= Beginning of Section =

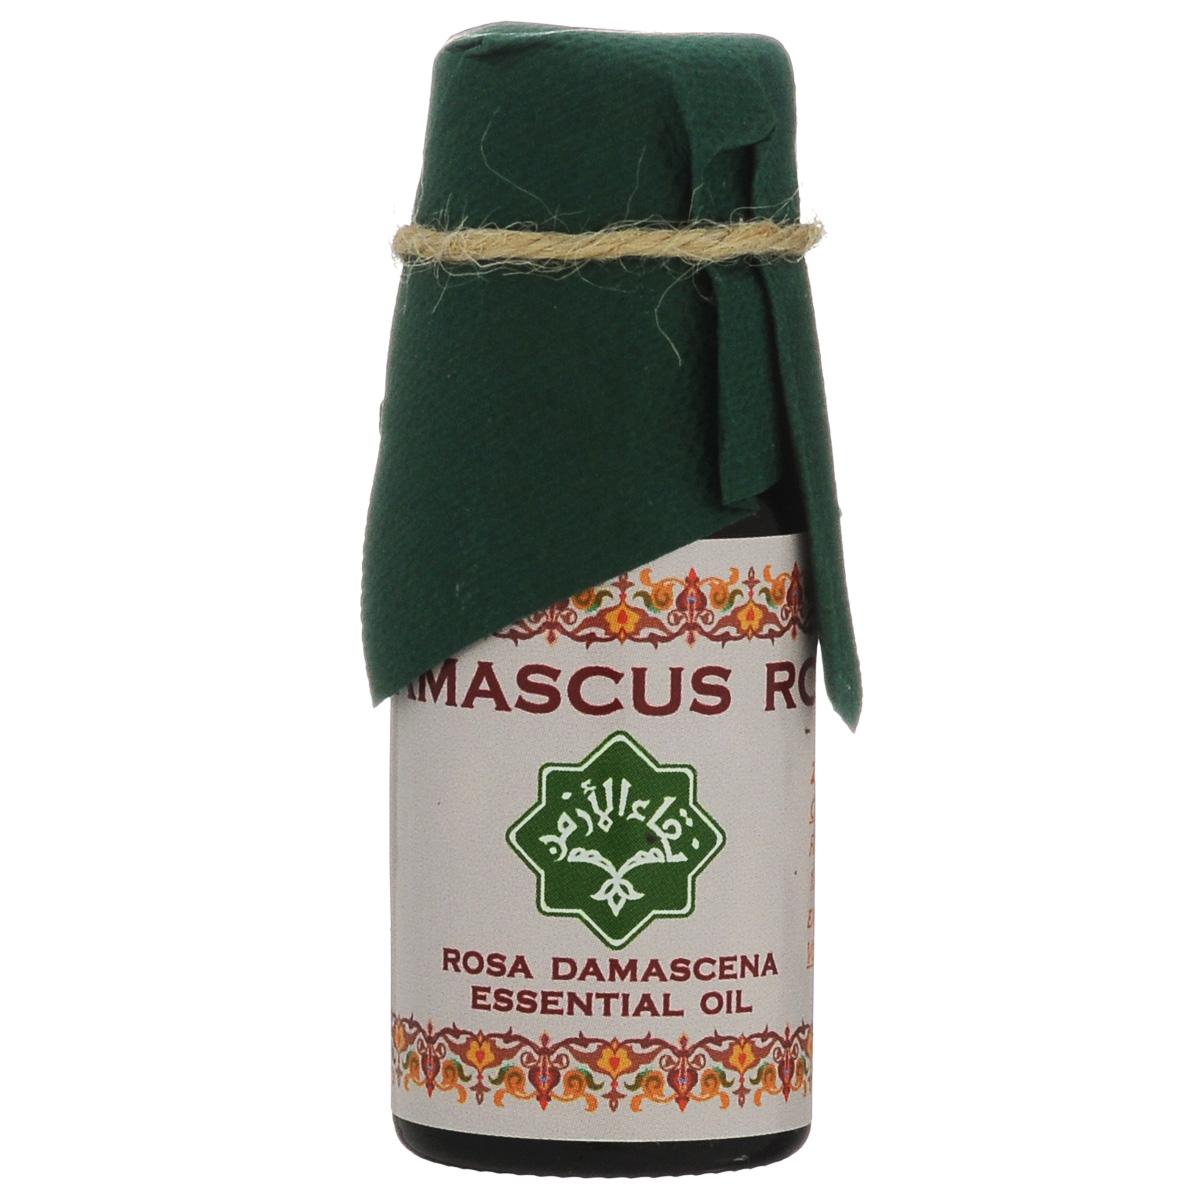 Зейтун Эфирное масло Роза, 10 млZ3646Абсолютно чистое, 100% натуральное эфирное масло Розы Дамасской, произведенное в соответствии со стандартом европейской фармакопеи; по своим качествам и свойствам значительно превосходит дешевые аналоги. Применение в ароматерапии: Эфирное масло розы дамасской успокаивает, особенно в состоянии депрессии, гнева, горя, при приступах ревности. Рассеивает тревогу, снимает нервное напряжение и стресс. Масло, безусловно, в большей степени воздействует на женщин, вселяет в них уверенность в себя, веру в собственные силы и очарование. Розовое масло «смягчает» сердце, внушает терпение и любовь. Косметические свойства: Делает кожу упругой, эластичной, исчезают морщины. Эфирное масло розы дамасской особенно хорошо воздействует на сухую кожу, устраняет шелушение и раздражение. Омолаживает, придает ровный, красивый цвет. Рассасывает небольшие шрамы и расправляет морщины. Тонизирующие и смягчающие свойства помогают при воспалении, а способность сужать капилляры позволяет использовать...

= End of Section =
= Beginning of Section =

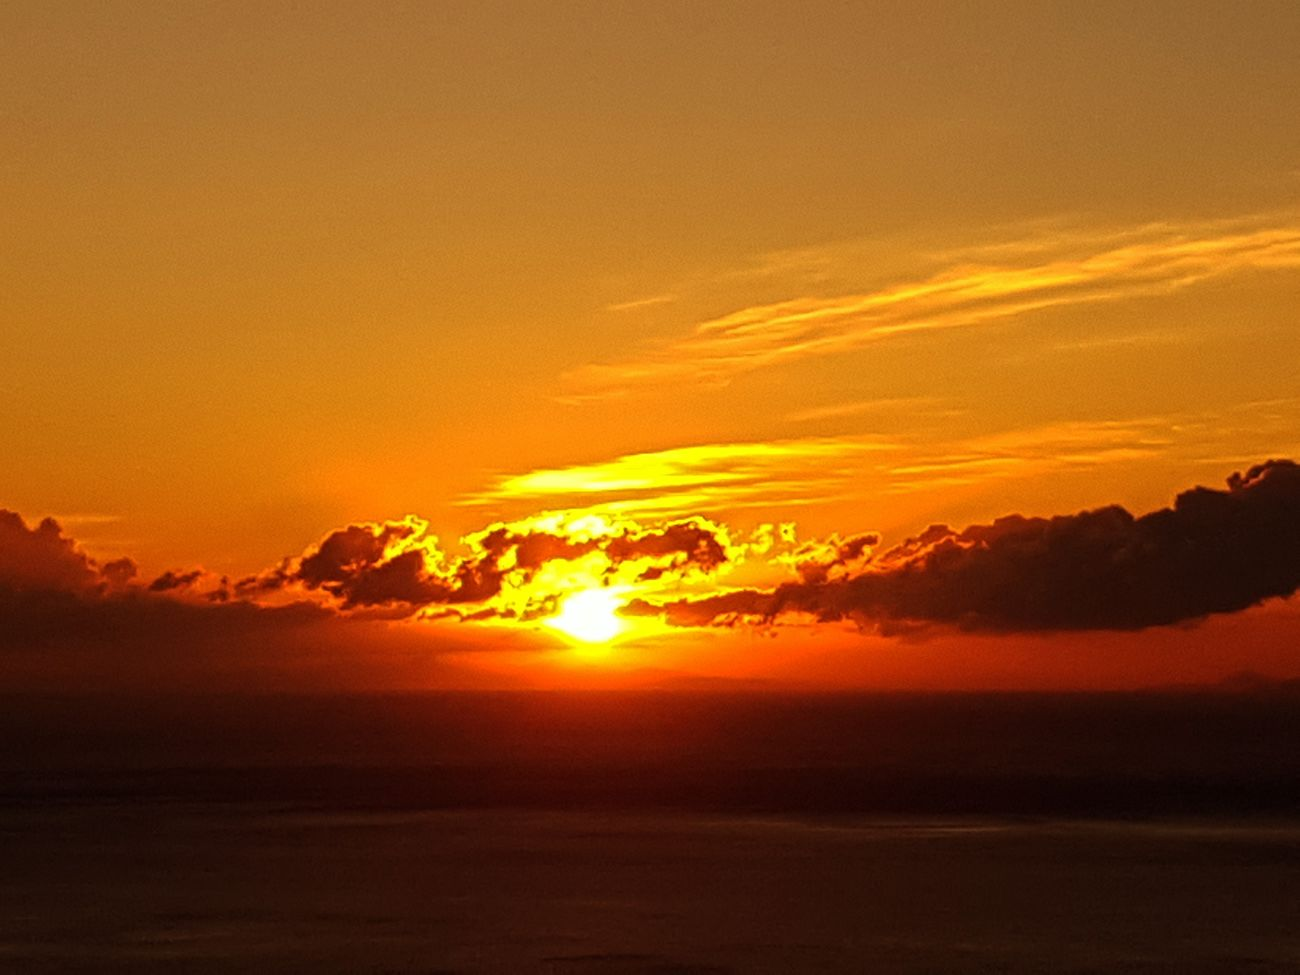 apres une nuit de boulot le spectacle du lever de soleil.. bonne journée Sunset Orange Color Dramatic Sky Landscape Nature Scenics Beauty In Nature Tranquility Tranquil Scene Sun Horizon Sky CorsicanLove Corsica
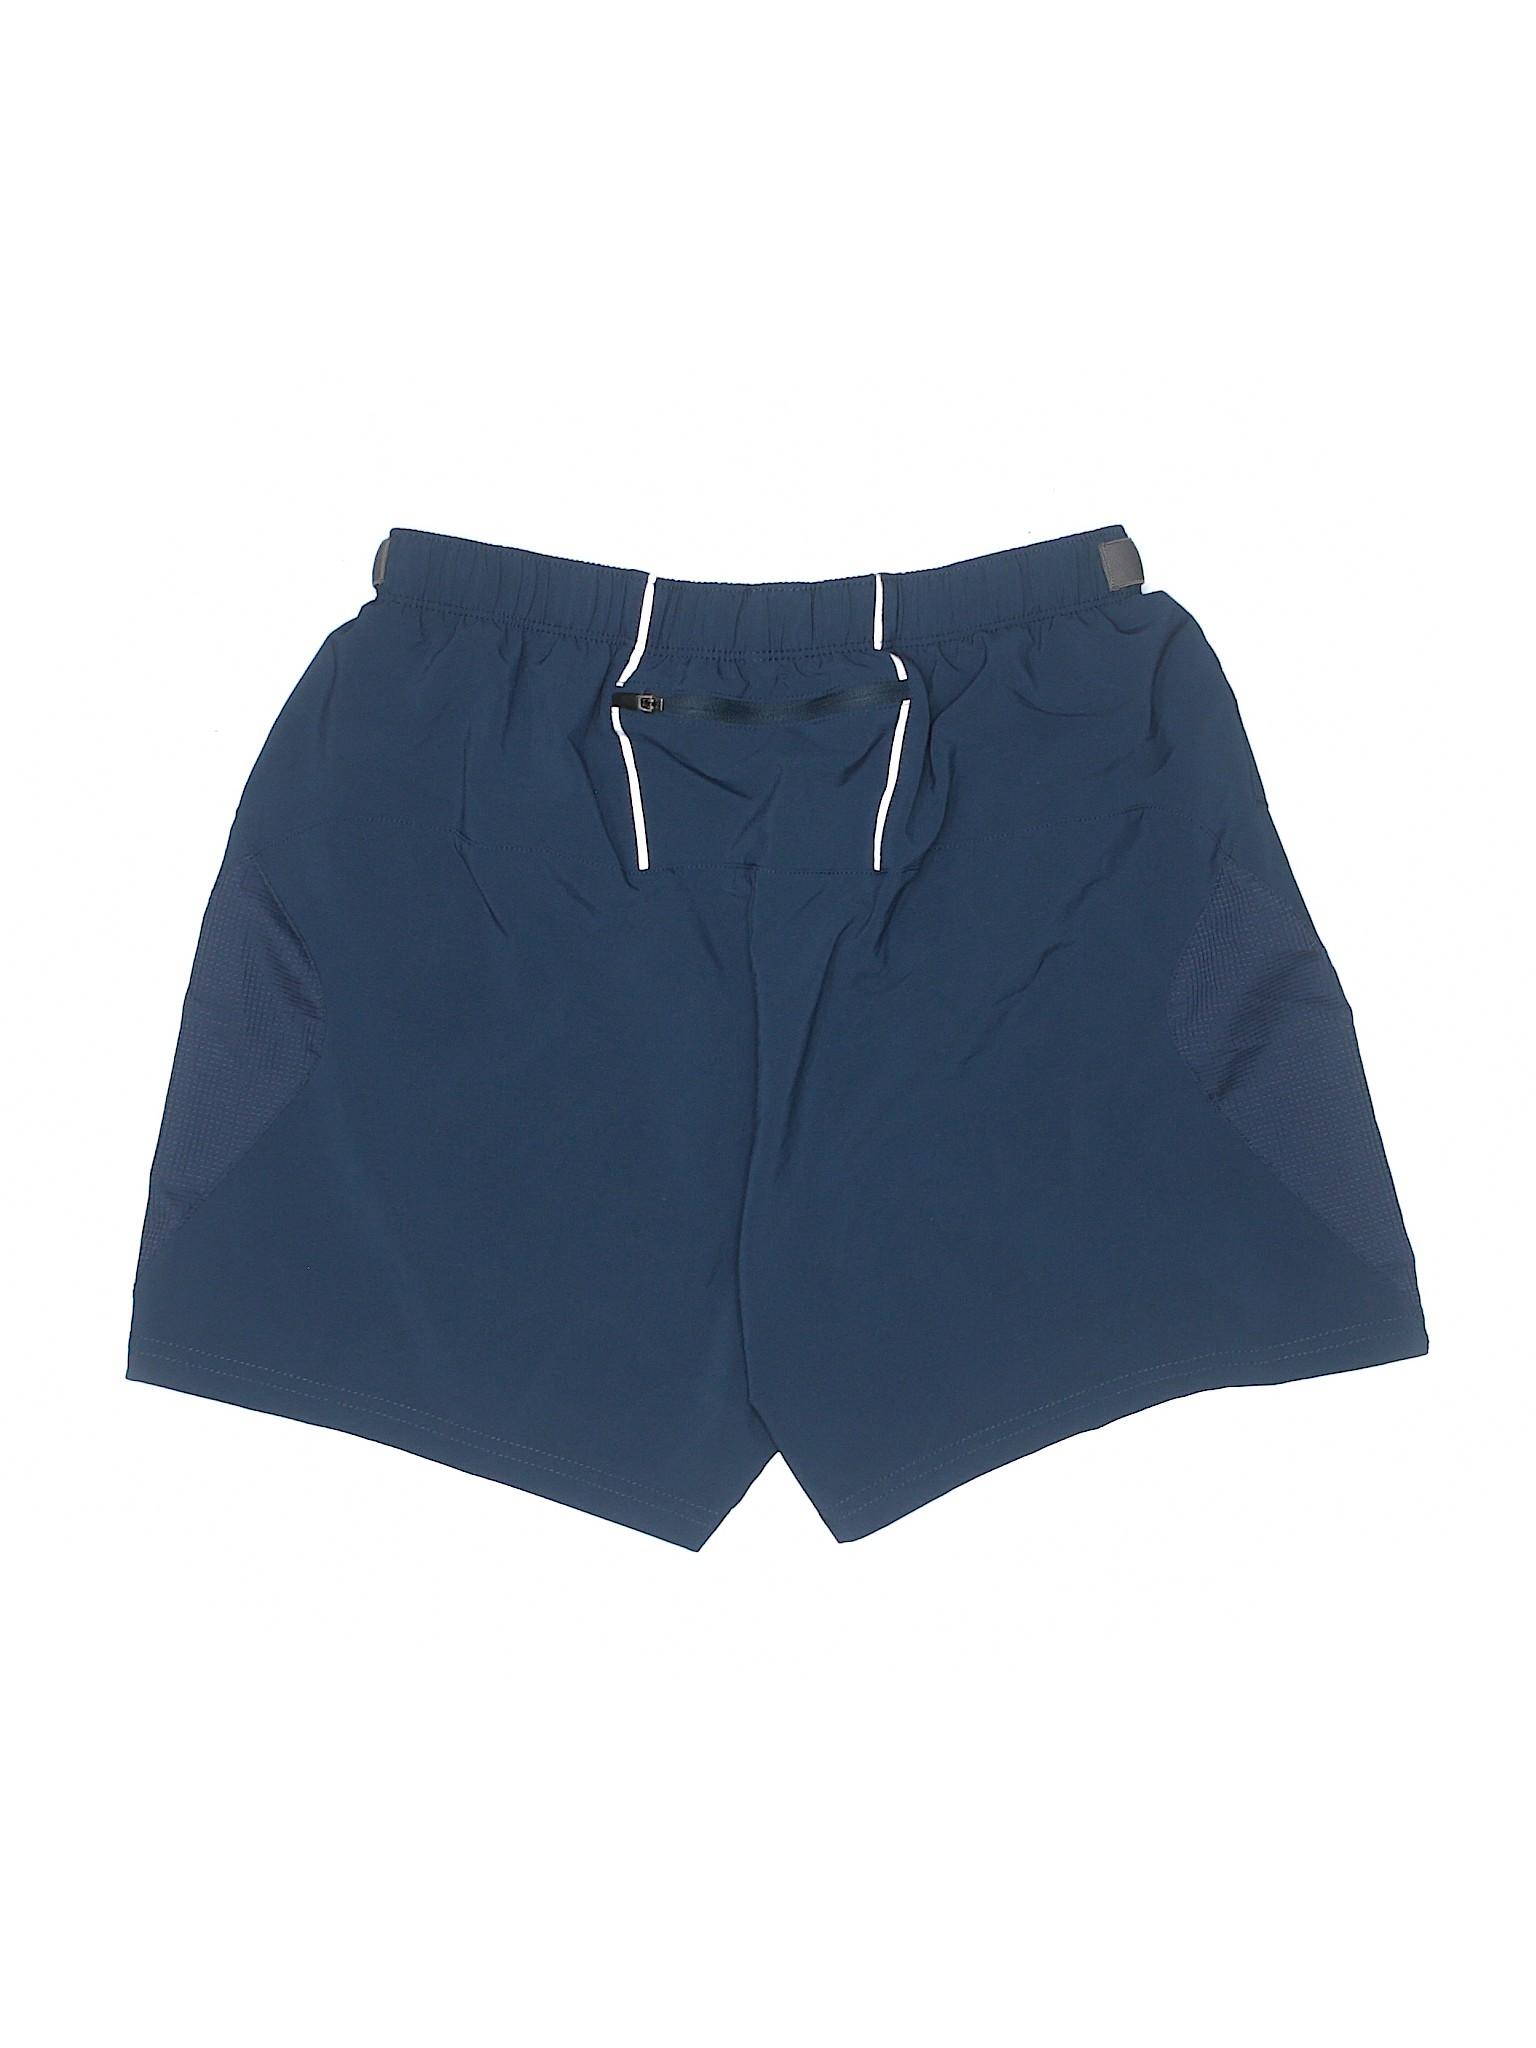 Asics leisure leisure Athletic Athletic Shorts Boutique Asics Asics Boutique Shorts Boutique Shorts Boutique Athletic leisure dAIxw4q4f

= End of Section =

DIRECTIONS
Would you please reproduce the entries above, starting at the line with "apres une nuit" and stopping after the line with "Asics leisure leisure"? Omit any pictures.

REPLY TO THE TASK
 apres une nuit de boulot le spectacle du lever de soleil.. bonne journée Sunset Orange Color Dramatic Sky Landscape Nature Scenics Beauty In Nature Tranquility Tranquil Scene Sun Horizon Sky CorsicanLove Corsica
 Asics leisure leisure Athletic Athletic Shorts Boutique Asics Asics Boutique Shorts Boutique Shorts Boutique Athletic leisure dAIxw4q4f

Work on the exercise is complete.